Data extracted from a collection:
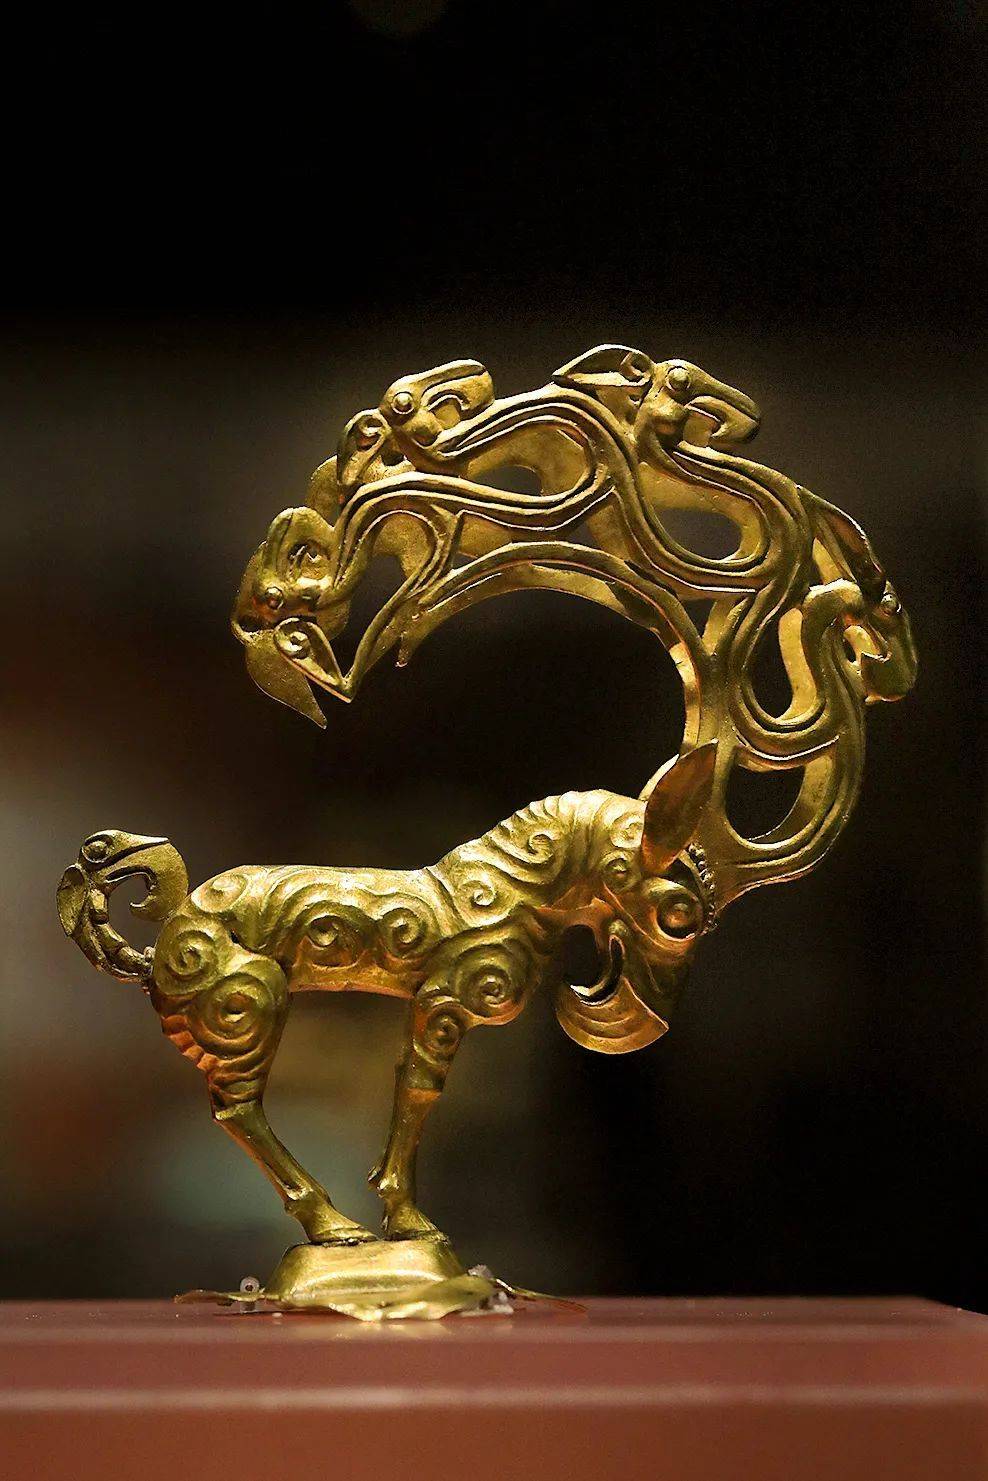 战国匈奴金怪兽，反映了匈奴人对勇猛强悍动物的崇拜，陕西历史博物馆藏。摄影/动脉影
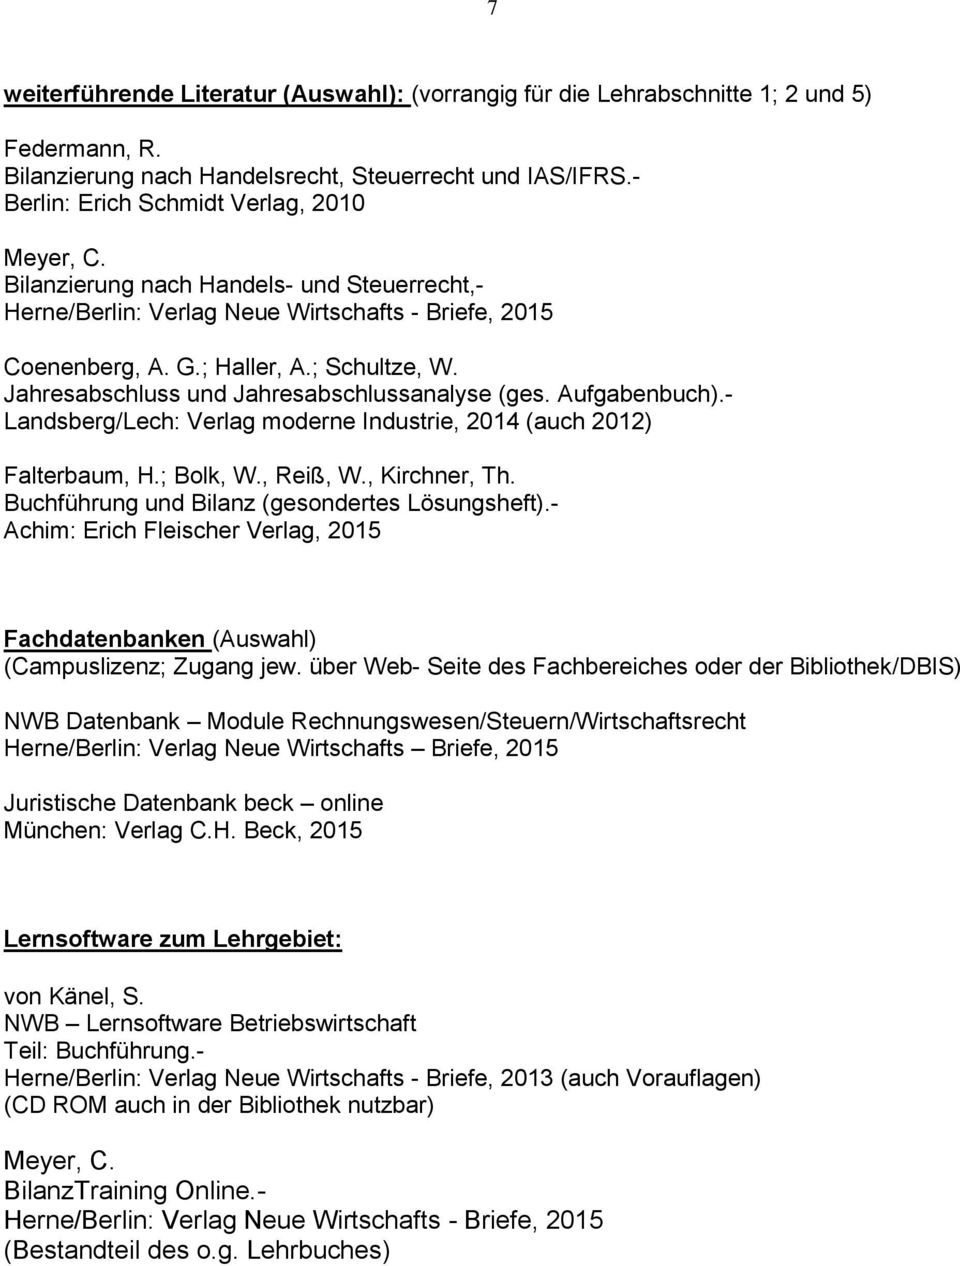 Jahresabschluss und Jahresabschlussanalyse (ges. Aufgabenbuch).- Landsberg/Lech: Verlag moderne Industrie, 2014 (auch 2012) Falterbaum, H.; Bolk, W., Reiß, W., Kirchner, Th.
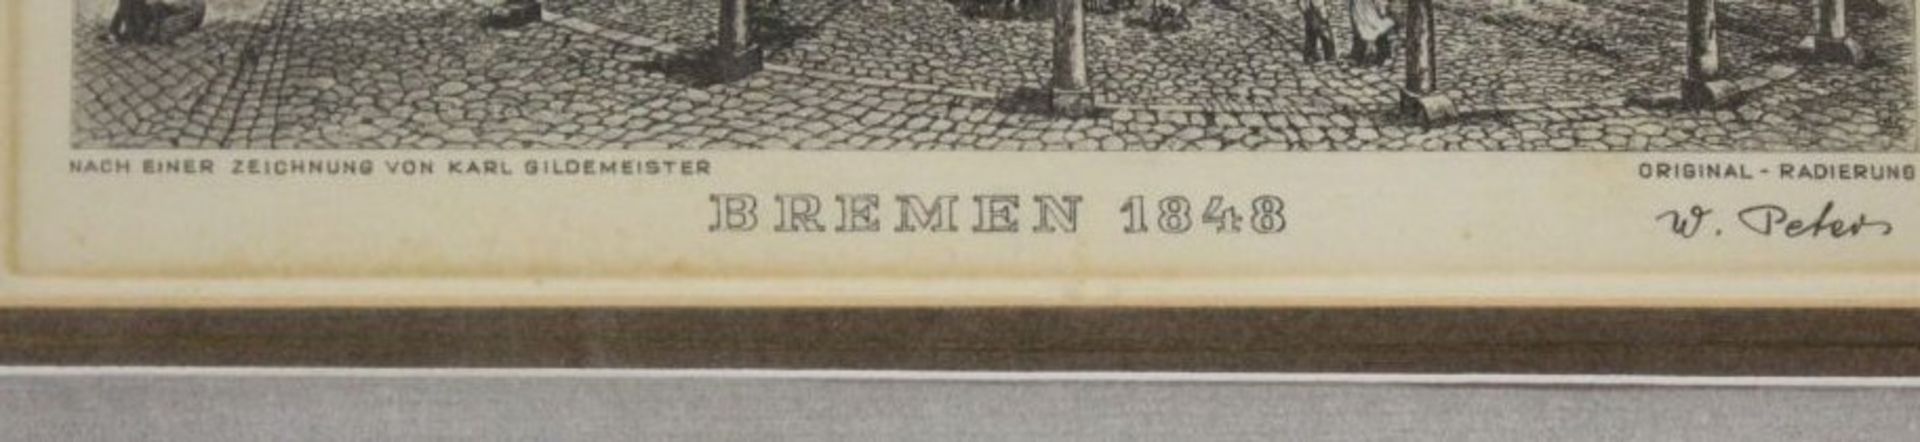 W.Peters, Ansicht Bremen 1848, Radierung, ger./Glas, RG 27,5 x 30cm. - Bild 2 aus 3
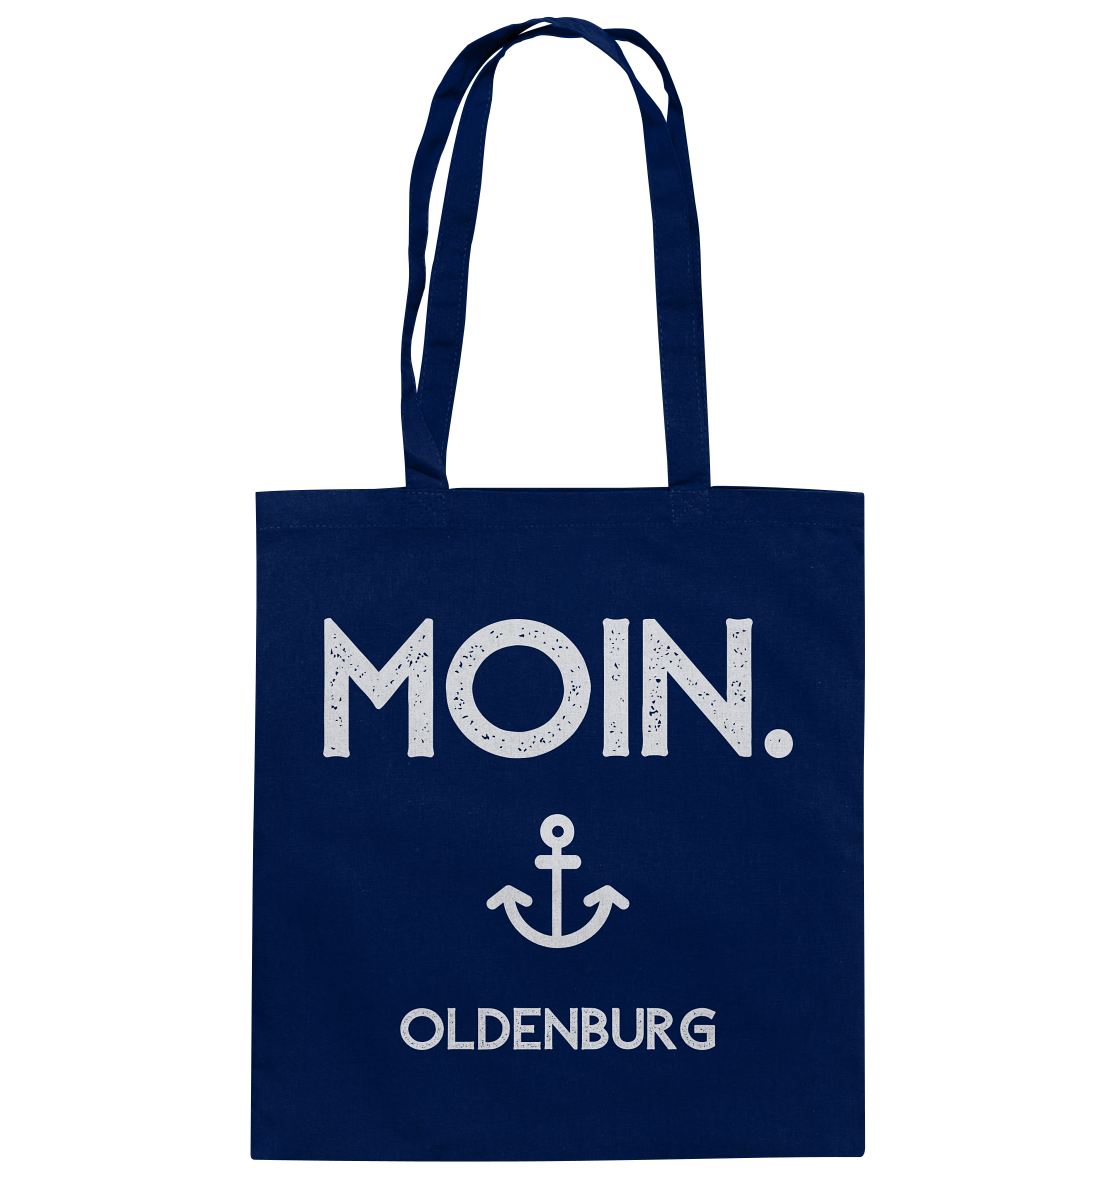 MOIN. Oldenburg - Baumwolltasche
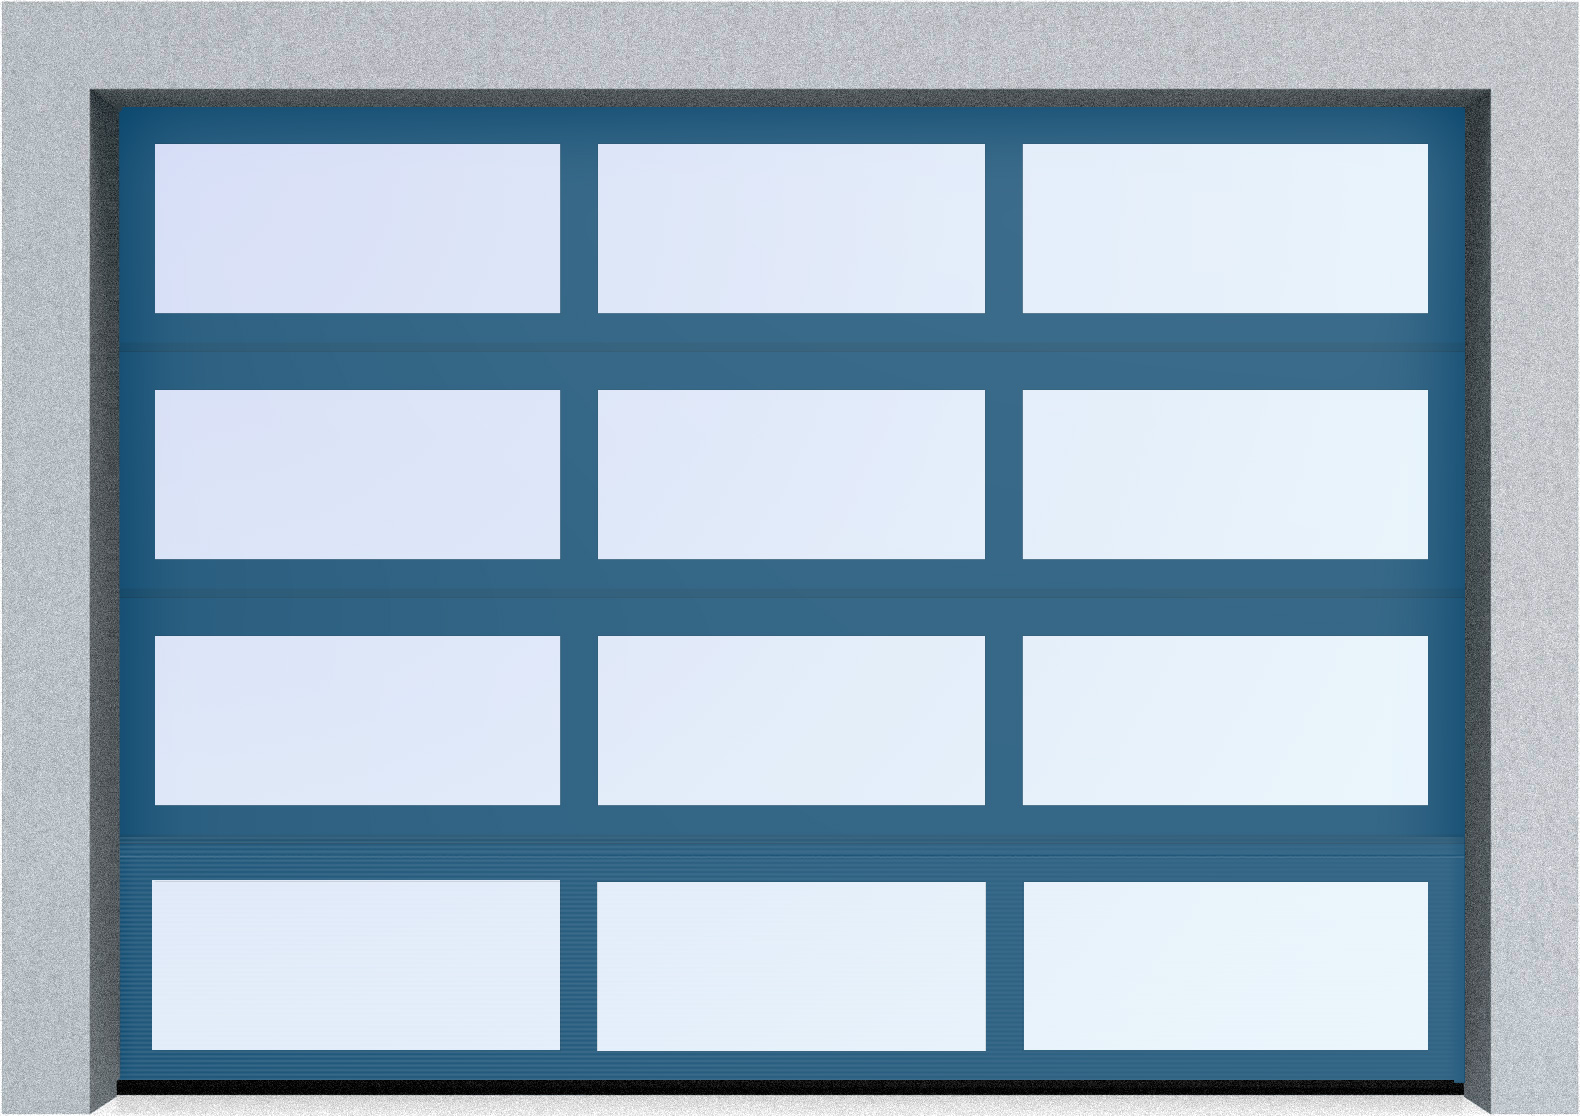  Секционные панорамные ворота серии AluTrend (АЛП) 2500х2500 нижняя панель стандартные цвета, фото 3 
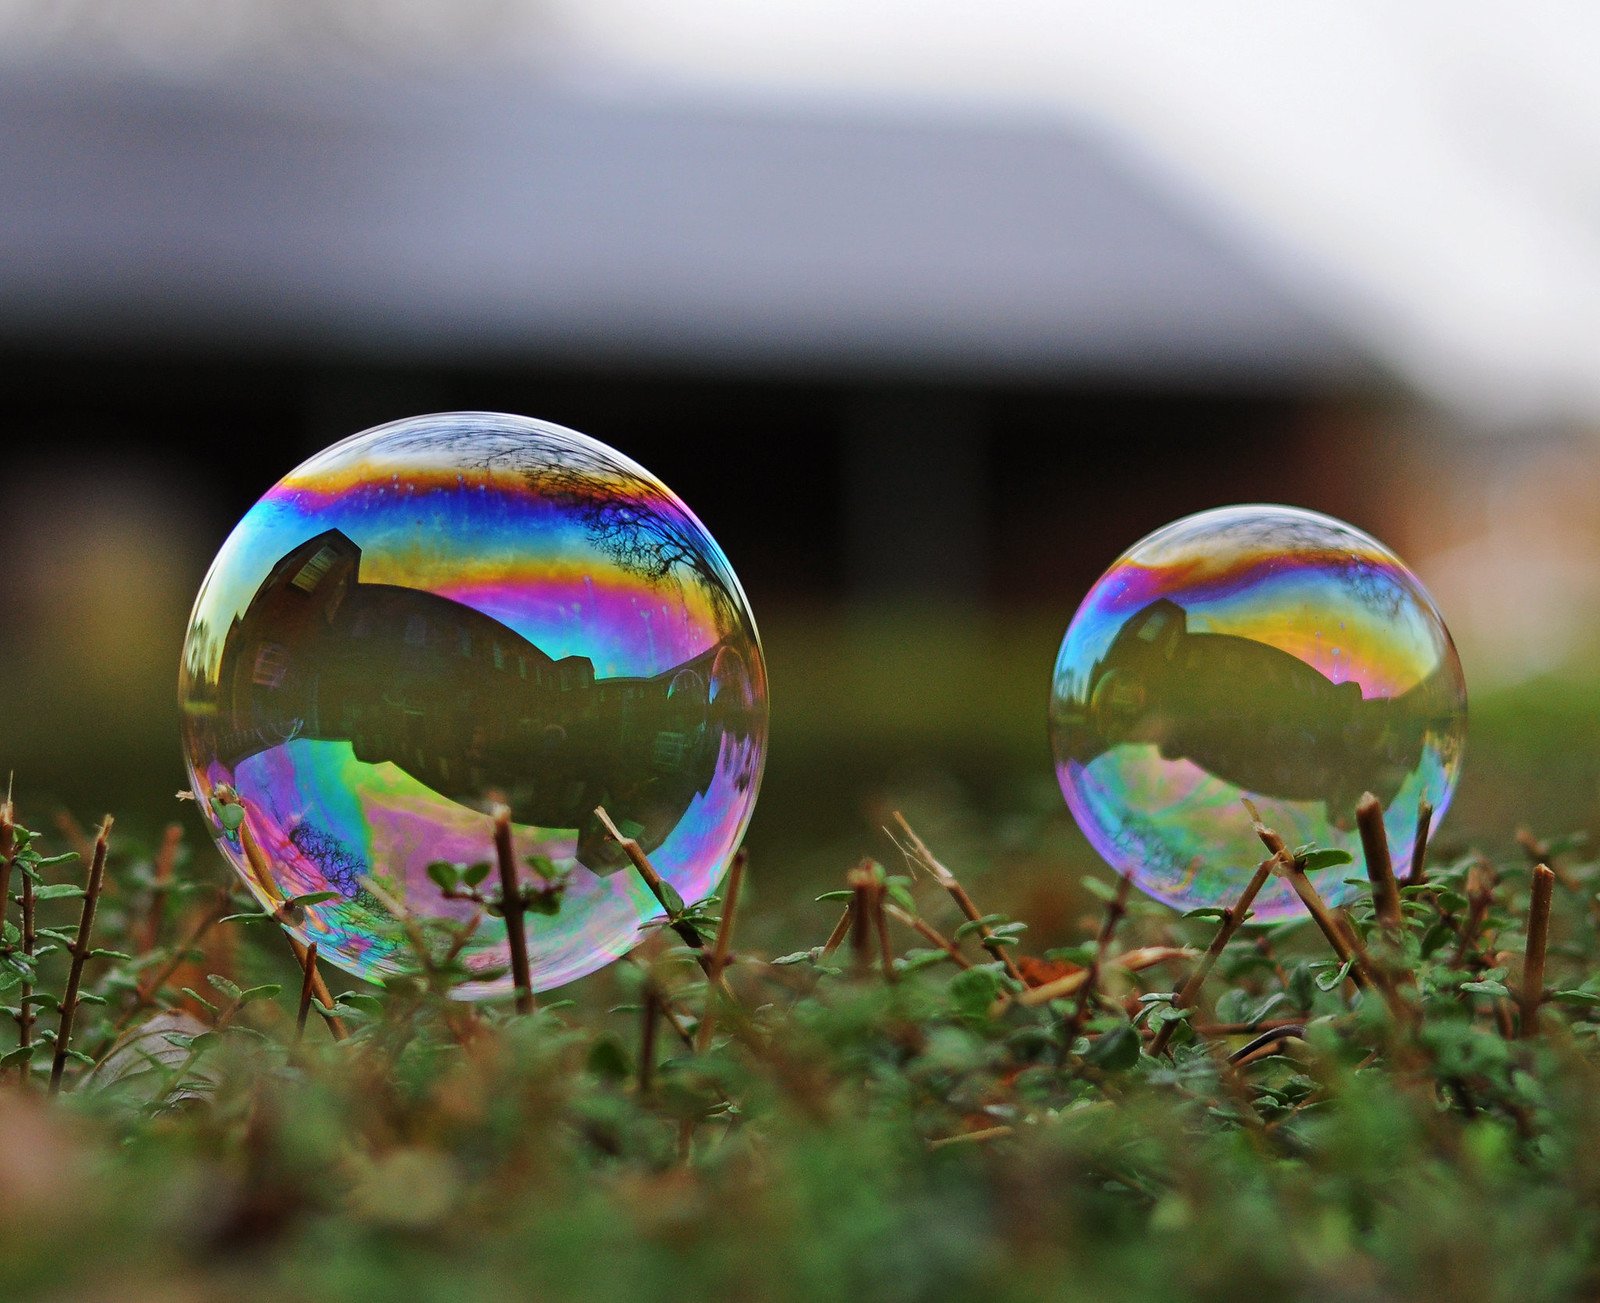 Какое явление объясняет окраску мыльных пузырей

PROMPT: Your answer must be an exact copy of the lines from the start of the entries through the line with "Jahresabschluss und Jahresabschlussanalyse", with no pictures.

EXERCISE OUTPUT:
 战国匈奴金怪兽，反映了匈奴人对勇猛强悍动物的崇拜，陕西历史博物馆藏。摄影/动脉影
 Jahresabschluss und Jahresabschlussanalyse (ges. Aufgabenbuch).- Landsberg/Lech: Verlag moderne Industrie, 2014 (auch 2012) Falterbaum, H.; Bolk, W., Reiß, W., Kirchner, Th.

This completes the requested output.